A subset of pixels randomly selected was used as a training set (20% of the pixels), another was used as a test set (20%) and the remaining pixels were used as a validation test. The tumor pixels were labeled as 1, whereas the healthy pixels were labeled as 0. For the training and test set, the classes were balanced, to avoid overfitting effect. To this aim, the larger class of the two was randomly down-sampled, to ensure the same class dimensionality. To test the generalization performances of the model, a k-fold cross-validation, with k = 10, was employed [33]. The cross-validation process ensures the generalizability of the models, allowing to estimate the performances of the classifiers.

Results

Figure 5 reports the results obtained for an indicative patient in segmenting the tumor area from thermal imaging.

Fig. 5
figure 5

Outcome of classification models for an exemplificative subject relaying on: a TD features of the only BL; b TD features of the whole experiment (BL + REC); c FD features of the only BL; d FD features of the whole experiment (BL + REC). Black boundary is indicative of the tumor area whereas light grey pixels are the ones that the models classify as class 1 (i.e. tumor)

Specifically, Fig. 5a shows the classification performance obtained with time domain features when considering only the baseline (TDBL), whereas Fig. 5b reports the classification obtained employing the time domain analysis for the entire time course (TDBL+REC). Figure 5c describes the segmentation reached using the frequency-domain features computed for the only baseline phase (TDBL+REC), whereas Fig. 5d shows the results obtained with the same approach computed during the whole experiment (TDBL).

The performances obtained by the different models developed across all the participants are reported in Fig. 6. Particularly, the accuracy (Fig. 6a), the sensitivity (Fig. 6b) and the specificity (Fig. 6c) were considered to describe the performances of the model. For the sake of clarity, the mean values and standard deviation of these descriptors relative to the four categories of models are reported in Table 2.

Fig. 6
figure 6

Average performances of the developed classifers: a average accuracy, b average sensitivity, c average specificity for the four categories of classifiers. Significant comparison are reported on the graphics (** = p <  < 0.01)

Table 2 Mean values and standard deviations of the four categories of models relying on TDBL, TDBL+REC, FDBL, FDBL+REC features

A statistical comparison between these parameters was performed through a repeated measure ANOVA. Concerning the accuracy F(3,12) = 6.21, p <  < 0.01; multiple comparison revealed a statistical difference of FDBL+REC with respect to all the other groups (Fig. 6a) with the exception of the comparison with TD BL+REC for which there is a tendency towards significance (p = 0.076). With regard to sensitivity F(3,12) = 37.23, p <  < 0.01; multiple comparison analysis showed significant differences between all the groups except TDBL vs FDBL (Fig. 6b). Concerning the specificity F(3,12) = 21.87, p <  < 0.01; multiple comparison showed significant differences of FDBL+REC with respect to all the other groups (Fig. 6c).

Furthermore, an analysis of the dependence of the performances of the FDBL+REC models from the tumor category was performed to deep understand the relationship of the developed models to classify the different typologies of tumors.

The present analysis was limited to the FDBL+REC models which revealed to perform better with respect to the other models. Figure 7 represents the values of average accuracy, sensitivity, and specificity for the five categories of tumor of the sample dataset. Among all the tumor categories, FDBL+REC models seemed to perform better for metastatic tumors, with the highest values of accuracy and sensitivity.

Fig. 7
figure 7

Bar plot of the performances indices of the FDBL+REC models relatively to the tumor category

Finally, to compare the results of the developed approach with the state-of-the-art works in the field of thermal IR imaging, a summary of the performances of the available methods is reported in Table 3.

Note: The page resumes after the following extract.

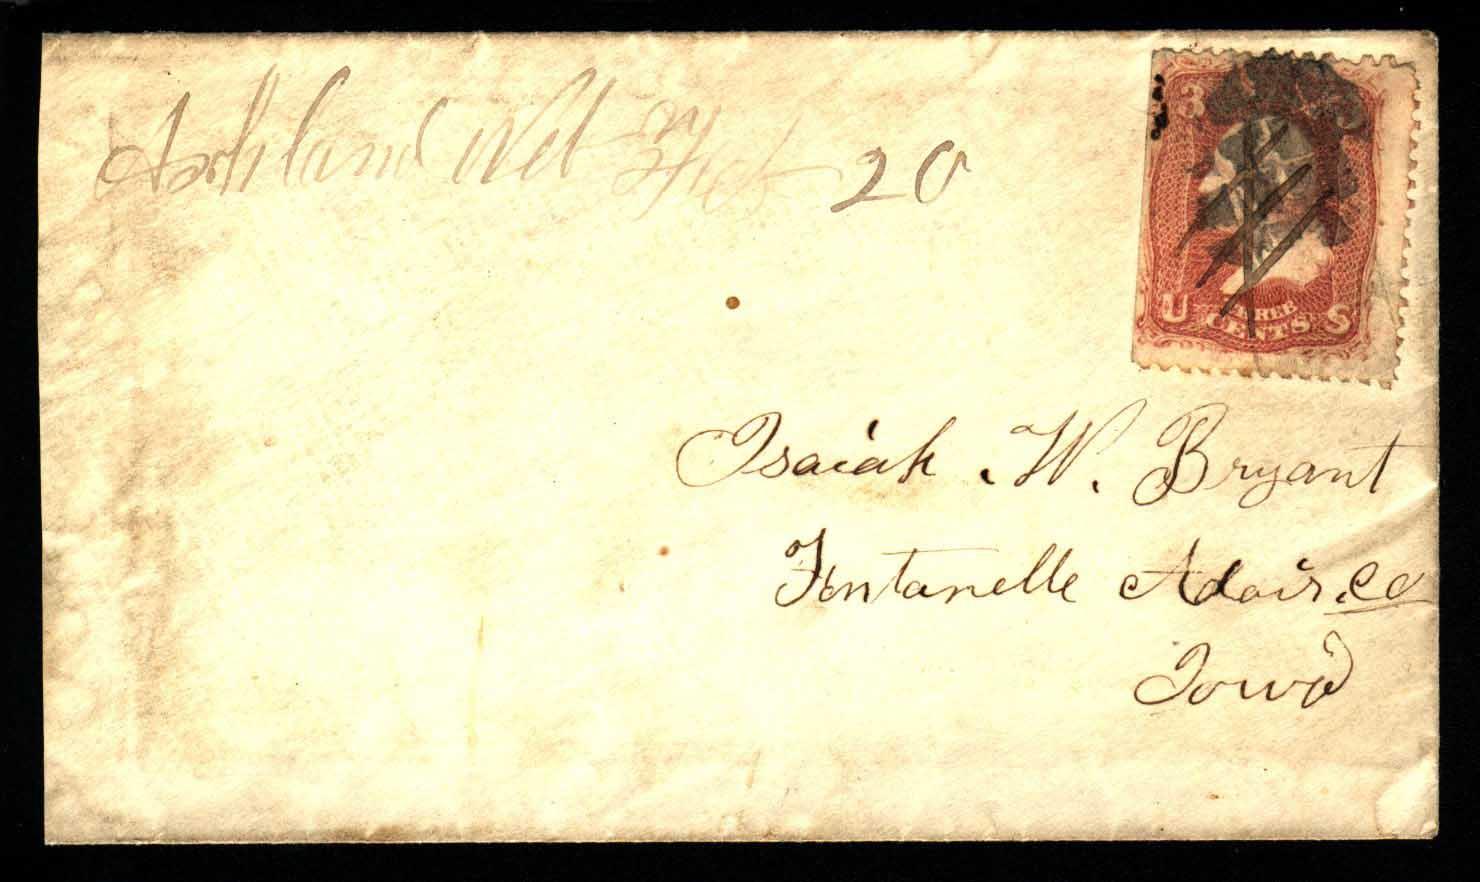 Ashland 1867 02 20

Table 3 Summary of the state-of-the-art works in the field of cancer detection using thermal infrared imaging

From the analysis of Table 3, it is possible to observe the lack of studies in the field of neurosurgery of methods relaying on machine learning approaches. The present works thus represents the first development of a machine-learning model, allowing also high accuracy, sensitivity and specificity in cancer detection and boundary identification of the lesion.

Discussion

In this study, a non-invasive and contactless methodology, thermal infrared imaging (IRI), has been used to accurately detect the boundaries of the tumor tissue on the exposed cortex during neurosurgery. Thirteen subjects with heterogeneous tumors (Table 1) were enrolled. The experimental protocol consisted in a baseline (BL) phase, a cold stress phase, with cold physiological solution injection, and a recovery (REC) phase. Thermal imaging was acquired during the whole experiment.

After reporting the boundary location of the tumor lesion on thermal IR imaging by means of a co-registration with visible imaging, salient features were extracted in both time (TD) and frequency domain (FD) in the context of the only BL phase or relatively to the whole experiment (BL + REC). Different supervised machine learning based models were developed for each patient, given the heterogeneity of the tumors. The labels of the two classes (i.e., 0 for the healthy tissue pixels and 1 for the tumor tissue pixels) were given on the basis of the boundary defined by the neurosurgeon relying on pre-operative MRI.

A preliminary inspection of the features revealed statistical significance when comparing class 0 vs. class 1 pixels relatively to the values of both TD and FD features. In particular, referring to Fig. 3 the most influencing features in TD were the c parameter and the STDREC. The c parameter is related to the initial value of the temperature of the pixels after the cold saline injection and on average the t value is positive, meaning that, in general, the starting temperature after cold stress of the healthy pixels is higher than the tumor area pixels. This finding could be interpreted as the tendency of the tumor pixels not to react quickly to cold stress and to remain in the perturbed condition longer than the healthy pixels. The other most influencing parameter in TD features inspection was the standard deviation of the thermal signals of the pixels during REC phase, i.e. after the cold saline injection. The t-value, in this case, is negative meaning that the STD of class 1 pixels is higher than the STD of class 0 pixels during the thermal recovery. This result shows the difference of thermal characteristics of the two areas of the brain and reflects the scattered behavior of the tumor area with respect to the healthy regions, which behaves more uniformly.

Referring to the FD features (Fig. 4), instead, t-tests results showed statistical significance for all the analyzed frequency bands, and the maximum of the average t-value was at f = [0.69–0.73] Hz, which is in the Cardiac band (Fig. 4b). This finding means that the wavelet coherence is able to discriminate tumor from healthy pixels more efficiently in the above mentioned frequency band with respect to all the other bands under consideration. Referring to Fig. 4b, the results are represented for the contrast class 1 vs. class 0, therefore a high value of t means that the wavelet coherence in the tumor area pixels is higher compared to the healthy pixels. This means that the healthy pixels behave differently from the tumor area pixels for all the analyzed frequency bands, especially with a high impact on the cardiac band.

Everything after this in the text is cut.